US slowdown won’t mean the end
The global economy should be able to endure the US slowdown, according to ratings house Standard and Poor’s.
While the outlook for 2008 still largely depends on how well the world’s largest economy fares, “a cooler US economy isn’t likely to freeze other countries in the way it often has in the past”.
According to Standard & Poor’s Ratings Services, the current US slowdown is much less critical than it would have been a decade ago.
“The rise of Asia and an improving picture elsewhere have reduced overall dependence on the US as the leader for global growth. Even if the US slips into a recession, industrialised and emerging countries will likely keep growing in 2008, though most will do so more slowly,” S&P senior economist Beth Ann Bovino said.

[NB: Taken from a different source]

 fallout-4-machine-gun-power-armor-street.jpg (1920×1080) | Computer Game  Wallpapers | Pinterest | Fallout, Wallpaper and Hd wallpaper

Bovino said the most positive news will come from the emerging markets, which are still expanding at a solid pace regardless of the significant weakness in the US and the financial market turmoil.
The US economy is trending downwards, with a 70 per cent chance of a recession and real GDP increasing just 0.6 per cent in the fourth quarter of 2007, after a strong 4.9 per cent in the third quarter.

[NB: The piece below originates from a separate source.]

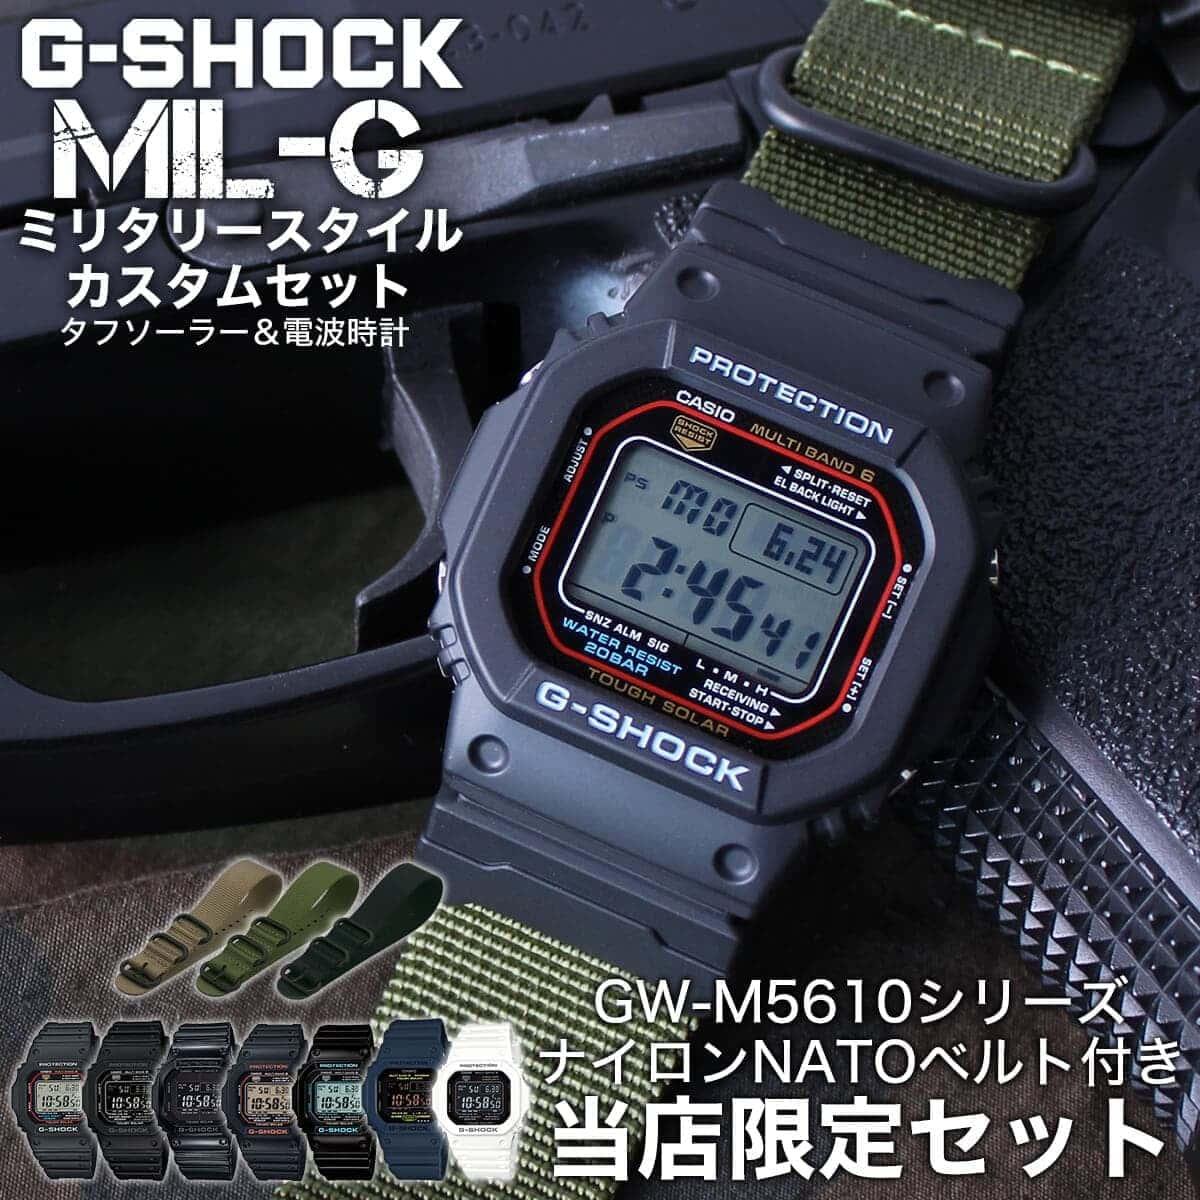 CASIO G-SHOCK military watch G NATO GW-M5610 CAS...

Standard & Poor’s expects GDP to drop in the first half of 2008 and then to rise through the second half, as monetary and fiscal stimuli kick in. And it expects GDP to rise 1.2 per cent this year, a 1 per cent drop from 2007.
According to Bovino, the US reliance on foreign capital has been touted as a major danger point.
“While improving from the record current account deficit that was reached in 2006, the current gap is a still high 5.4 per cent of GDP. Private money was almost entirely financing it — at very low interest rates,” she said.
“Now foreign investors have lost confidence in US securities, and the US dollar, and money is not so easy to come by.”